Expected fracture areas (red) in PEEK and PE implants, under an impact force of 1000 N: (A) Static analysis, and (B) Fatigue analysis.

Fig. 19
figure 19

Principal stress vectors of the left lung using alumina and PE implants, under: (A) Normal breathing, and (B) Impact force. Red arrows (tension) and blue arrows (compression).

Finally, it was concluded that in the chest wall reconstruction process, semi-stiff implants (CFP 30%) and stiff implants (zirconia and CFP 60%) can be utilized as titanium alternatives to reconstruct the defective portions of cartilages and ribs. These implants are characterized by excellent properties and compatibility and are not linked to clinical issues. In addition, they are safe for surrounding structures, do not cause inflammation, and are not subjected to deformation or fracture under sudden impact forces. Furthermore, CFP 30% and CFP 60% composites have a wide range of mechanical, surface, and physical properties and can be fabricated in different shapes. Three key benefits arise from using these polymeric composites: improved performance, reduced total system cost, and expanded design freedom26,27,28,29.

The limitations of this study included the assumption that the biological materials (ribs, cartilage, and lungs) were homogenous and isotropic. It is important to note this limitation when interpreting the results, as bone and lungs are more complex and anisotropic99,100,101. Additionally, full osseointegration of the implants with the surrounding ribs and cartilages was expected, but may not be achievable in actual clinical settings. Other limitations revolved around the design and placement of the implants, as any adjustments could impact the outcomes.

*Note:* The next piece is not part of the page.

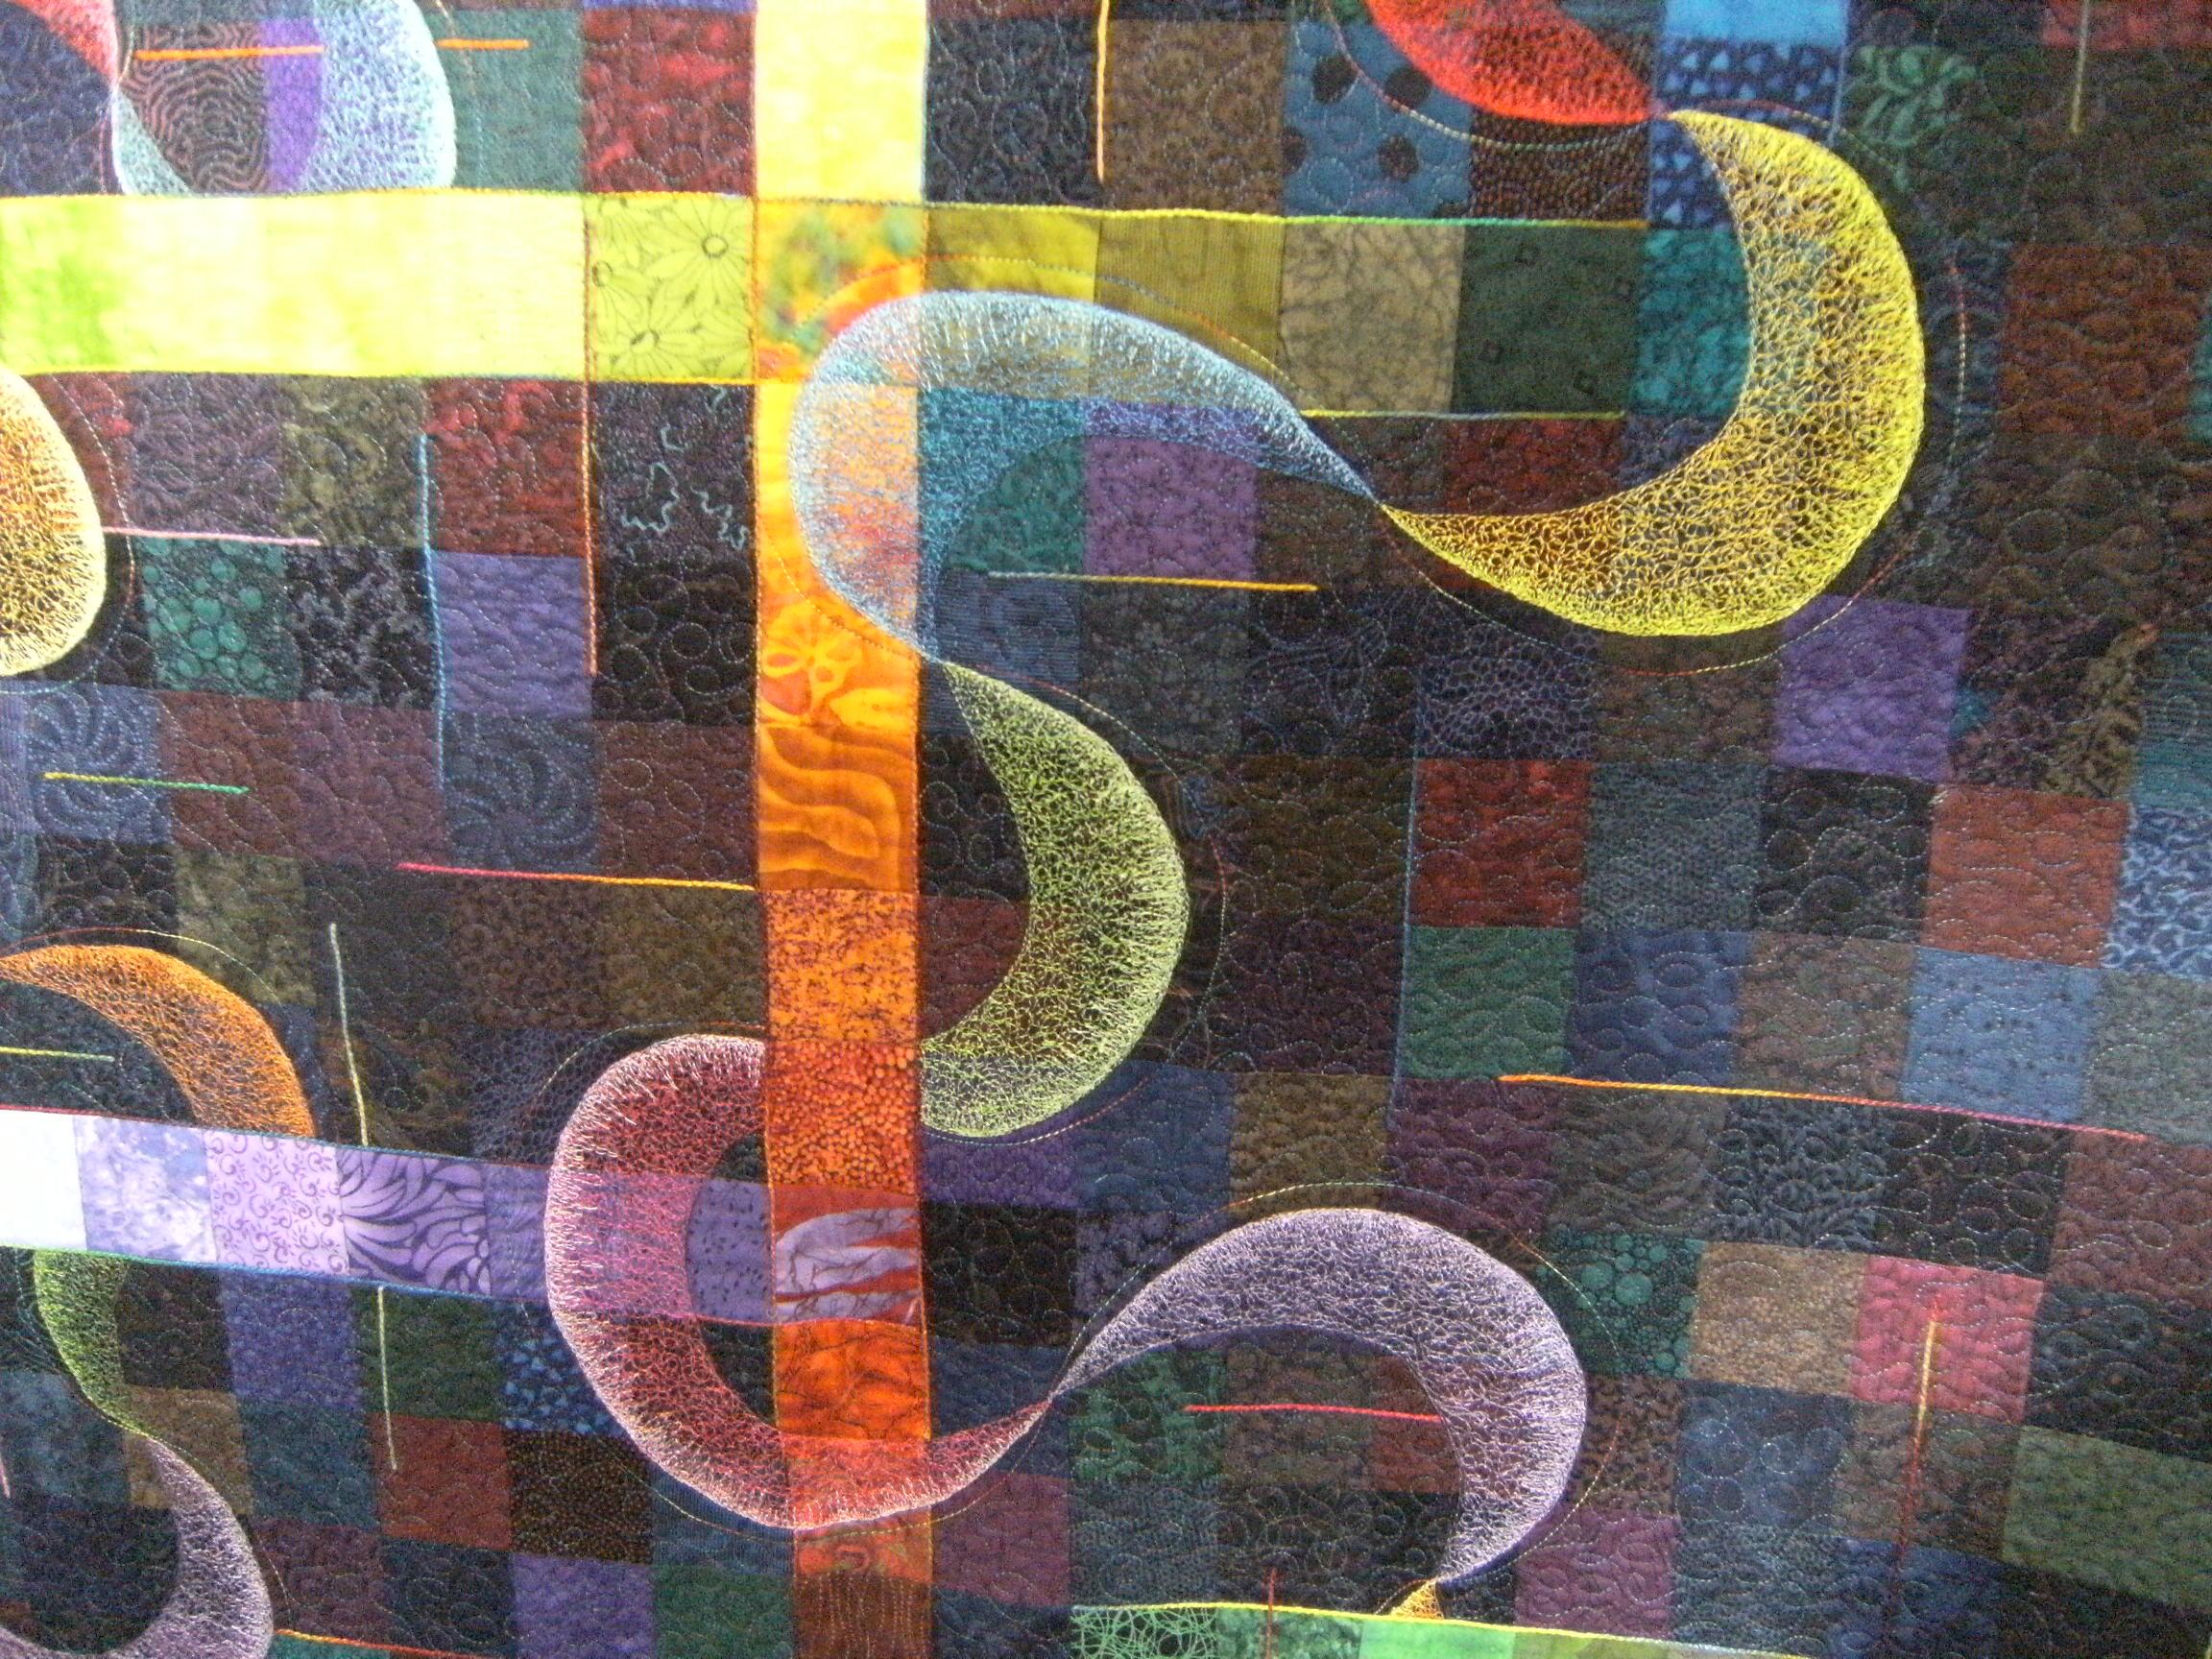 st-marie-2012-15-septembre-040.jpg

Furthermore, the method for determining the load and boundary conditions was theoretical and may not accurately reflect real-world clinical scenarios.

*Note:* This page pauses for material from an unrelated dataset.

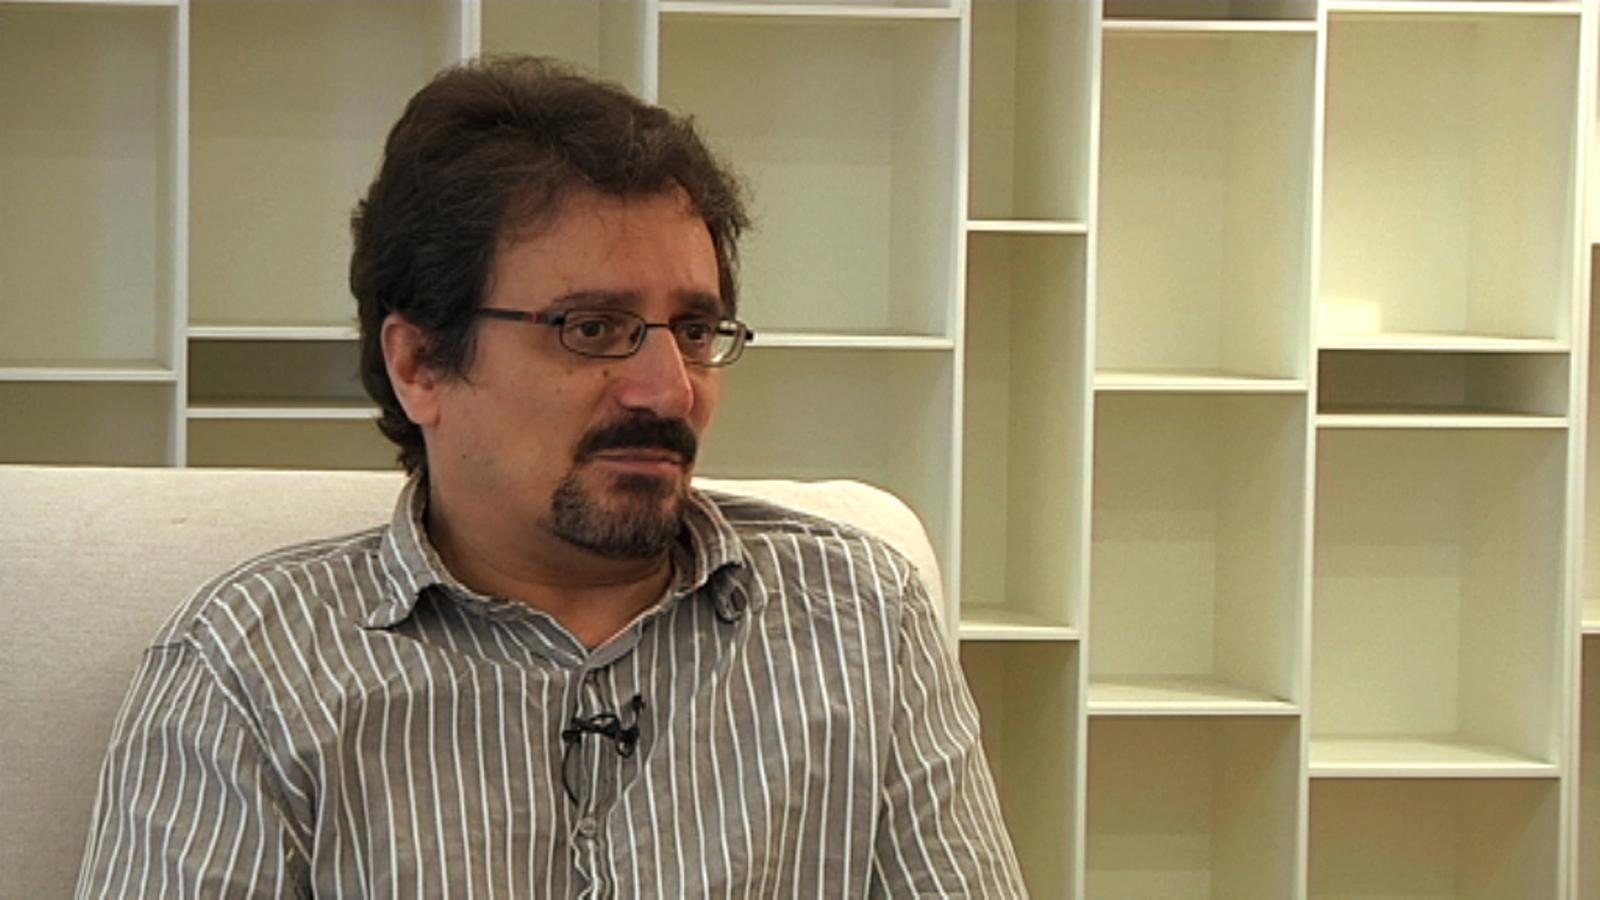 Albert Sánchez Piñol: Avui estem vius com a poble gràcies al sacrifici de la generació del 1714

Further experimental and surgical studies, as well as dynamic finite element investigations (such as breathing during sleep in worst-case postures), are necessary in the future to explore other cases of chest wall defects.

Conclusion

The purpose of this research was to develop a reconstruction process for ribs and cartilages using artificial implants made of different materials instead of metals, and to analyze their mechanical performance using the finite element method (FEM). The materials used for the implants were alumina, zirconia, PEEK, polyethylene PE, and carbon fiber-reinforced PEEK (30% and 60%). Stress evaluations were conducted on the implants, screws, ribs, cartilages, and lungs under two different loading scenarios: normal breathing and exposure to an impact force from an accident following chest wall reconstruction. Based on the results and within the limitations of the current study, the following conclusions were drawn:

  1. 1.

    Stiff alumina and zirconia implants produced the least stresses and strains on the surrounding cartilages and lungs, and the highest stresses and strains on the surrounding ribs.

  2. 2.

    Soft PEEK and PE implants produced the highest stresses and strains on the surrounding cartilages and lungs, and the lowest stresses and strains on the surrounding ribs.

  3. 3.

    The stresses distributed in the ribs, cartilages, and lungs using carbon fiber-reinforced PEEK (30% and 60%) implants were similar to those using titanium implants.

  4. 4.

    Under static analysis, alumina, PEEK, and PE implants were susceptible to fracture as the generated tensile stresses exceeded their tensile yield strengths.

  5. 5.

    In the fatigue study, under normal breathing conditions, all materials had life cycles of at least 1010, with safety factors above one, indicating that no implant would fail.

  6. 6.

    In the fatigue study, under impact force, alumina, PEEK, and PE implants failed as the maximum equivalent alternating stresses exceeded their fatigue limits in specific regions (e.g., ends of implants), resulting in safety factors of less than one.

  7. 7.

    By utilizing all implants, the tensile and compressive stresses and strains on the ribs, cartilages, and lung were within the allowable limits.